Reg was that all over again. Candy. How she longed to call him that, to remind him how far back they went, but some instinct warned her that Reg would not welcome his nickname. Still, she loved that they were familiar with each other’s previous selves, even if they never alluded to that fact. She had known the silly, laughing, dancing pest. He remembered the frowsy-haired girl. They admired the new outer shells, so smooth and shiny, but recognized them as the façades they were.
The train, designed to go one hundred miles per hour, chugged lazily toward Baltimore, stuck on a track that could never handle its full speed. Ca
ssandra didn’t mind. Nothing was waiting for her in Baltimore tonight. She and Reg had plans to meet tomorrow afternoon, in her apartment. Reg will be proud of me when I find Callie without his help. I’ll have to be careful of his feelings, not flaunt it in such a way that it makes him feel inadequate. But the more I leave him out of it—well, the more I can leave him out of everything.

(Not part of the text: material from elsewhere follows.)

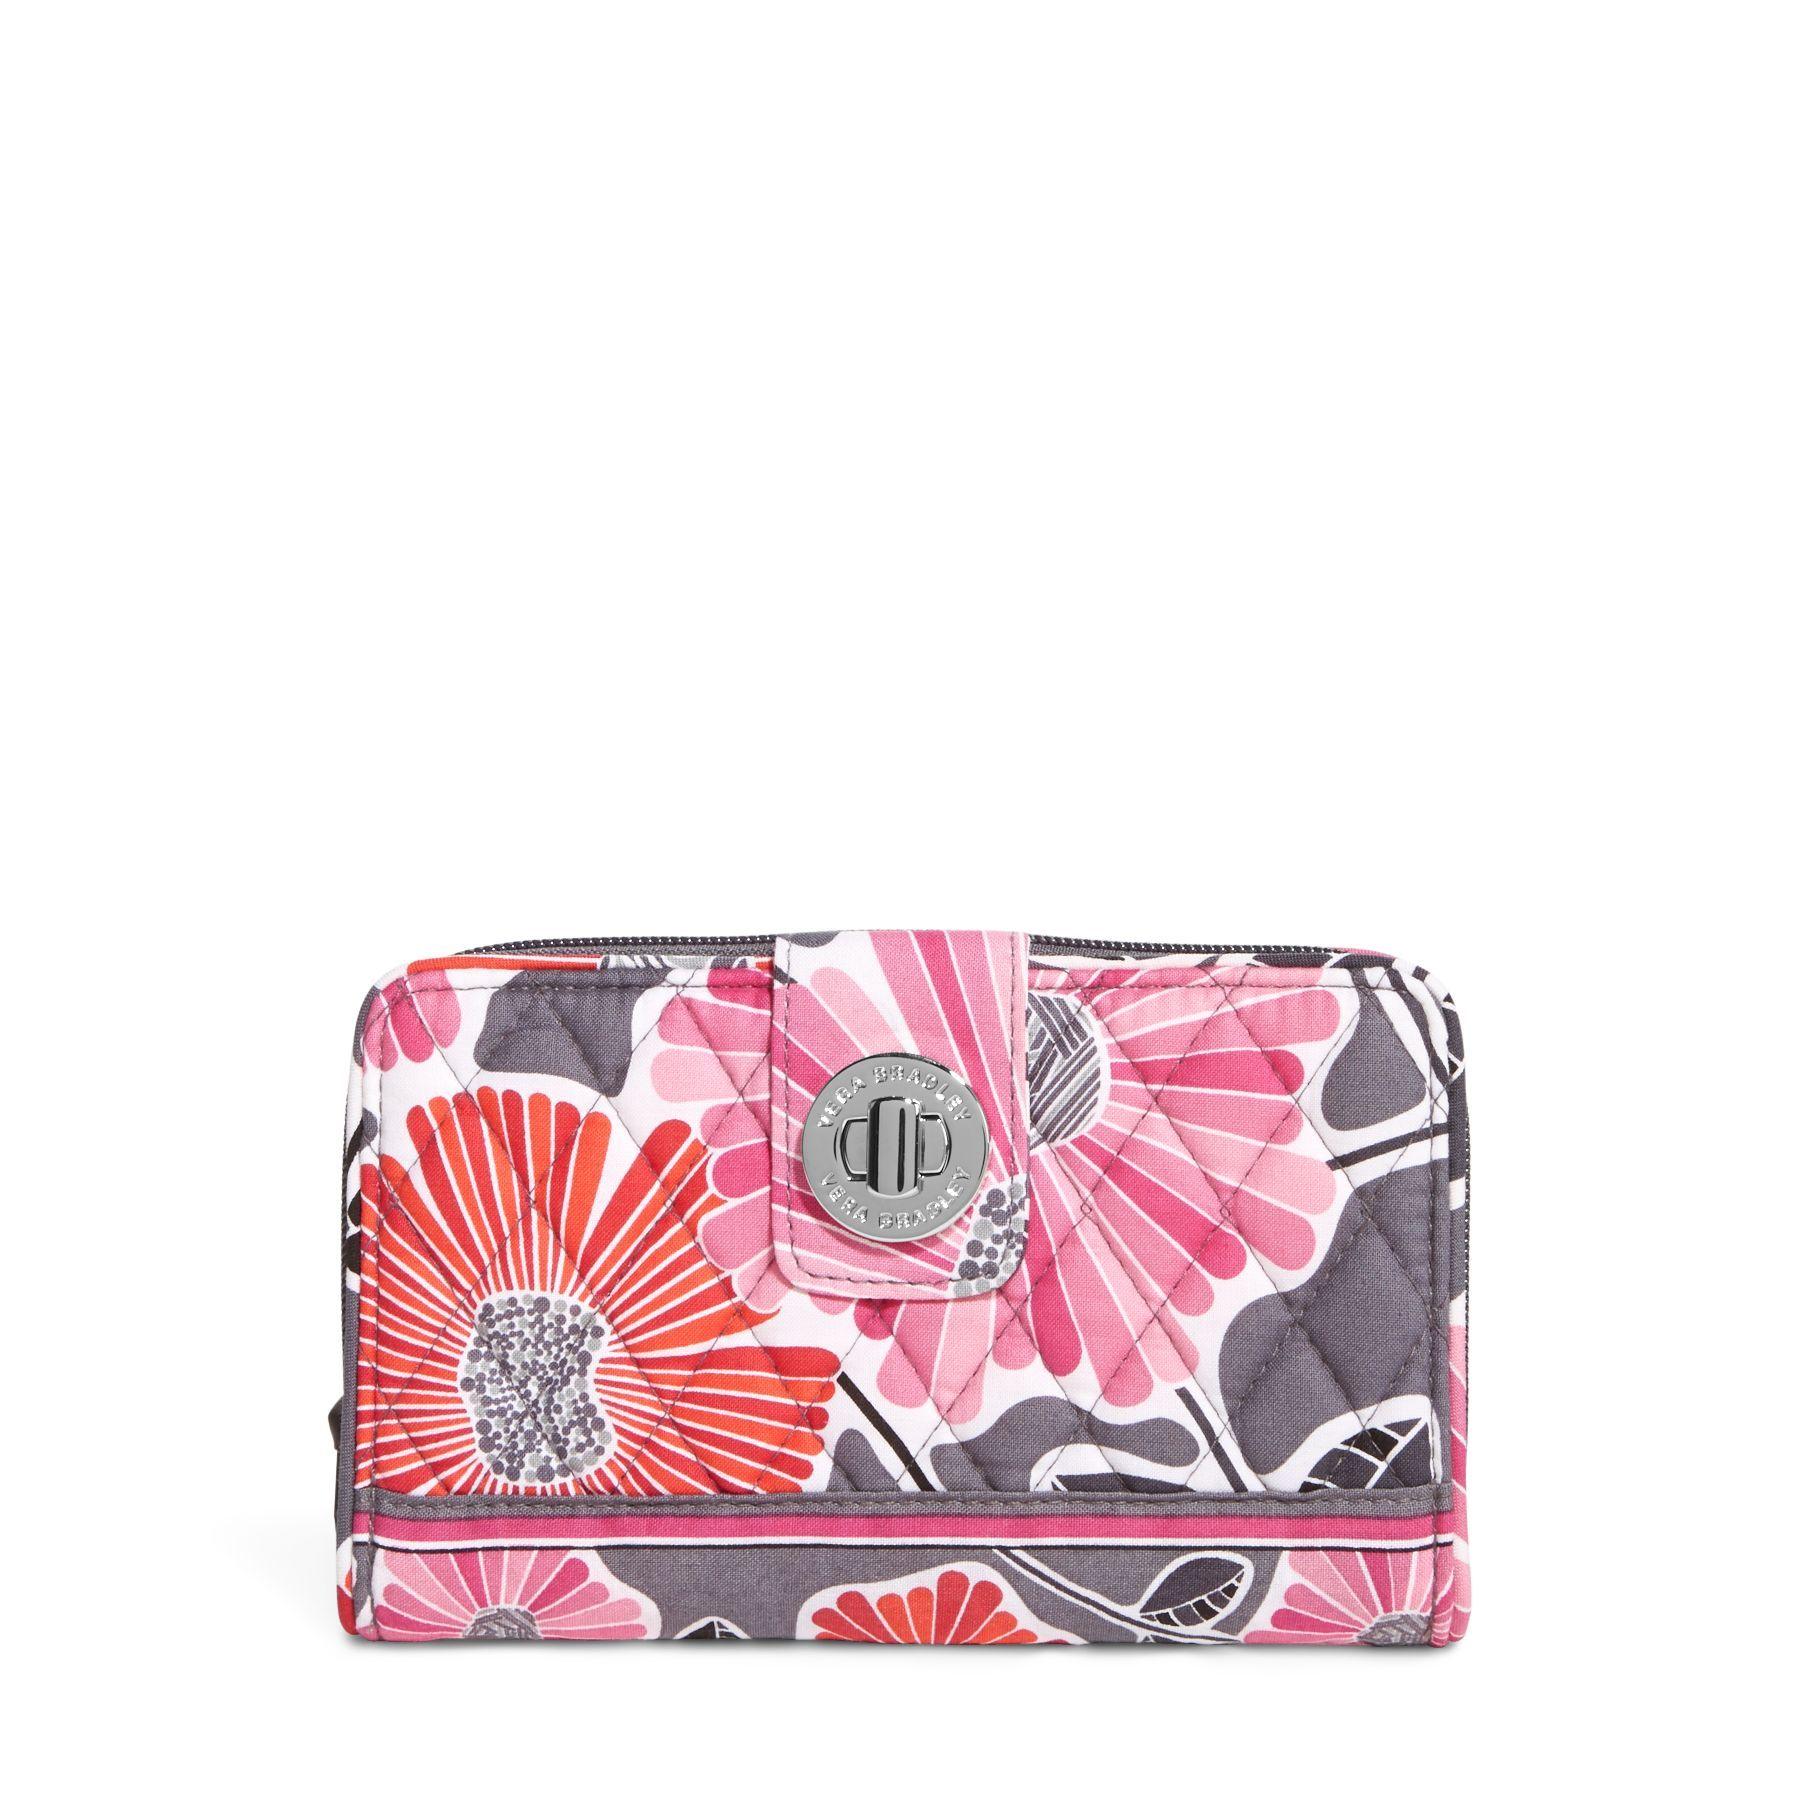 Turn Lock Wallet in Cheery Blossoms, 49 Vera Bradley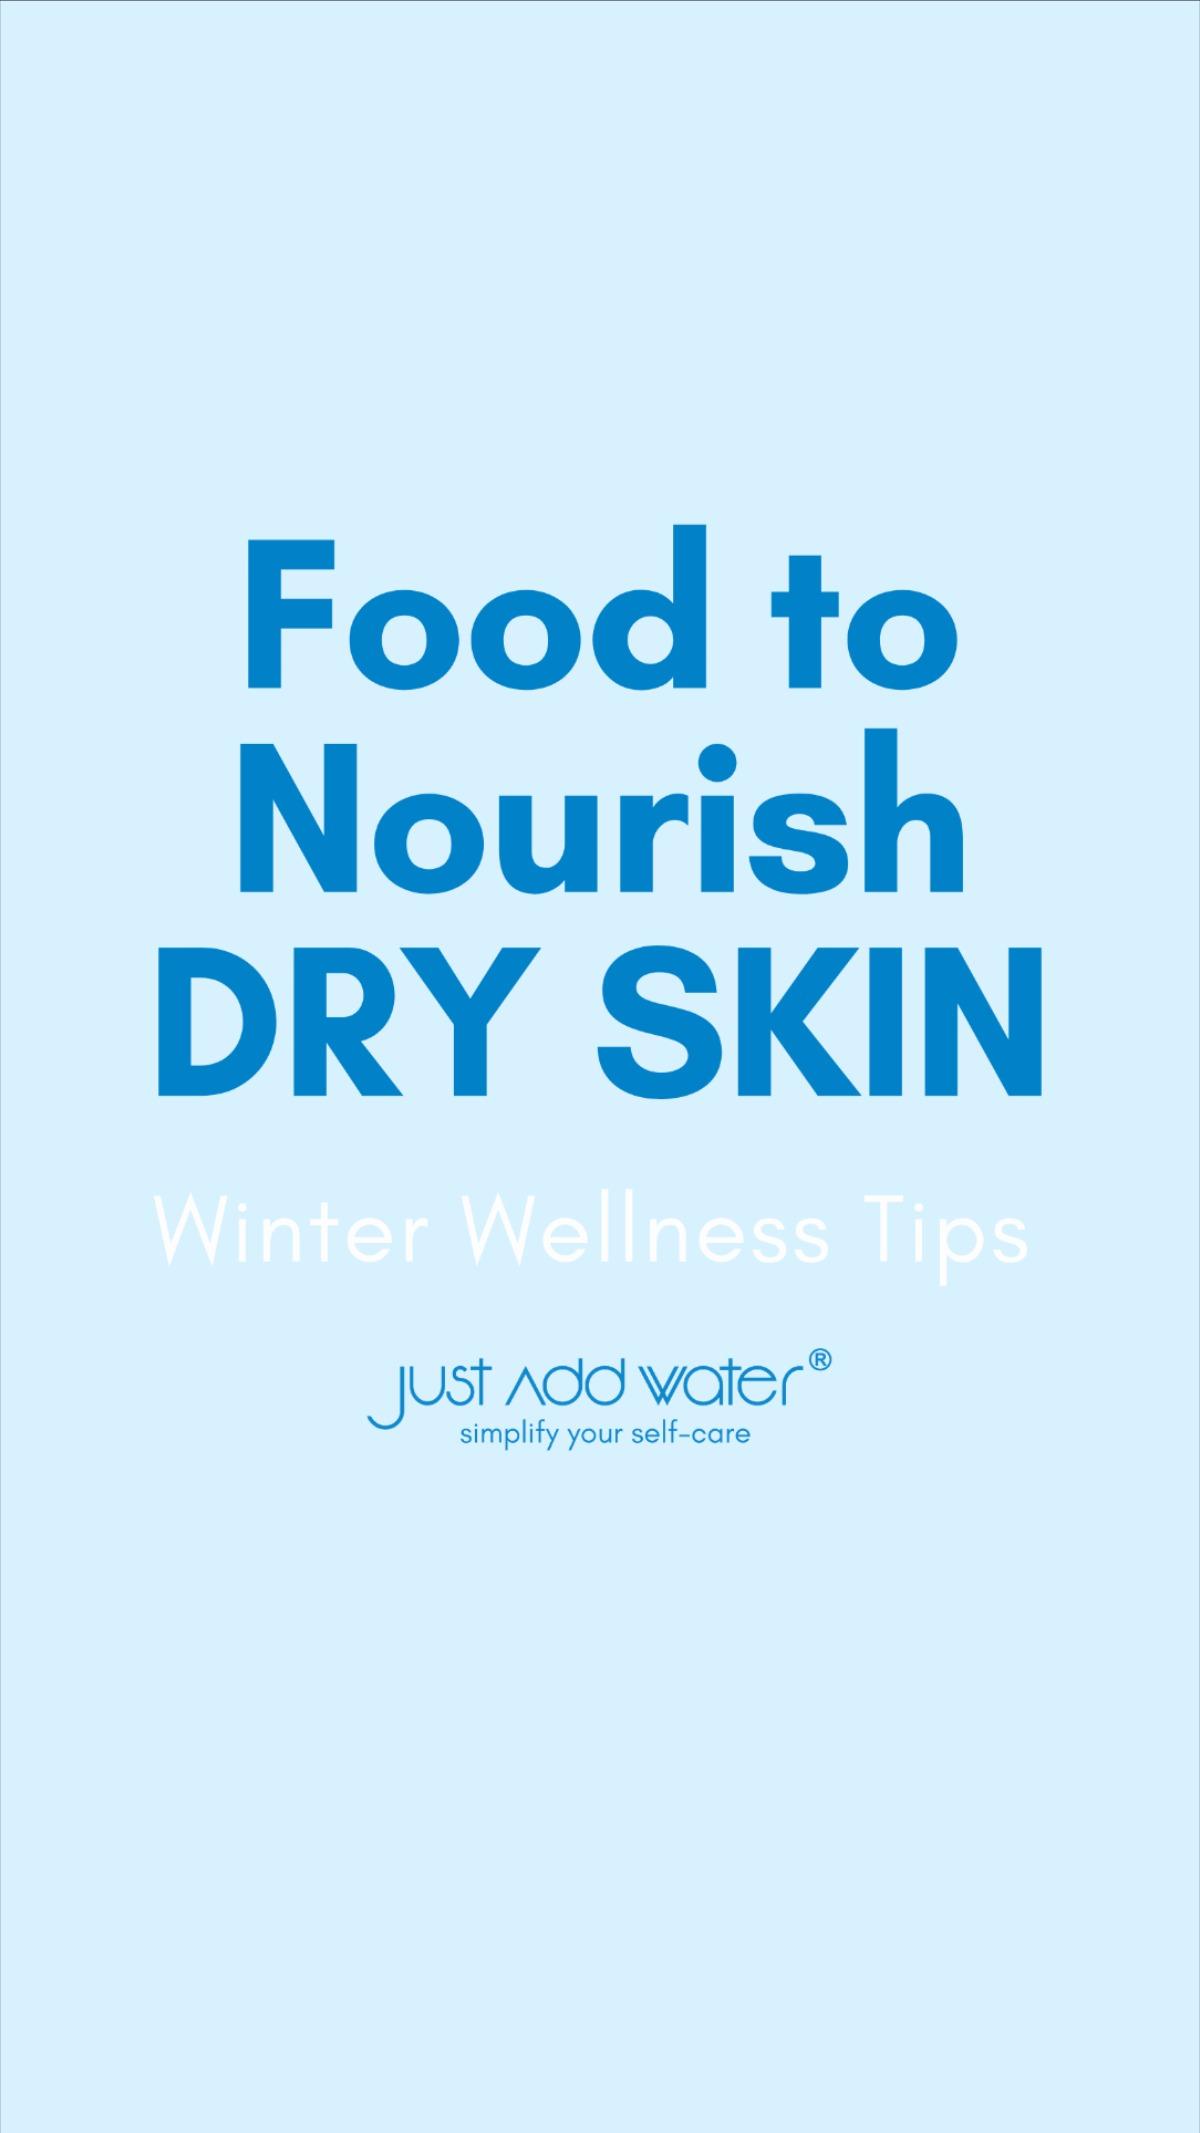 Plant-Based Foods To Nourish Dry Skin

He had a child and a wife he adored, according to no less an authority than his own sister. His reputation was such that even Teena knew he ran around. This was the kind of affair immortalized in popular song. Too hot not to cool down, et cetera, et cetera. Epic poetry does it better, her father would contradict, displeased whenever anyone claimed pop culture could have a power that art did not. But this was one area where she had to disagree with her father. Poetry—hushed and proper—had nothing on music when it came to expressing these kinds of feelings. Stupid songs competed in her head, the songs of her early teenage years, gooey with feeling. If she had a blue denim notebook, she would have doodled his initials on it and entwined them with hers. It was going to end badly. It had to end badly. She told herself she didn’t care.
CHAPTER
25
EVERYONE KNEW BALTIMORE WAS SMALL; it was almost banal to make the observation now. But it was a fitful, unpredictable smallness. Gloria could go years, literally, without seeing someone and then the person suddenly seemed to be everywhere.
That was the case with Reg Barr, the whole Barr-Howard clan. Reg truly had receded from her thoughts over the years. Now he was practically omnipresent. There was the writer’s query, then Reg’s own call. A new billboard advertising his legal services had gone up on North Avenue, visible from Gloria’s daily drive into the city. Gloria chose a new route. She opened the newspaper, only to find herself staring at Reg’s wife—the boss’s daughter, as Gloria still thought of her—opposite the comics, cooperating with a particularly vapid feature, “Five Things I Have to Have Right Now.” Gloria would have assumed Donna Howard-Barr was above such things, but she was apparently willing to pimp herself out to draw attention to a fund-raising event for the Alpha Kappa Alpha scholarship fund.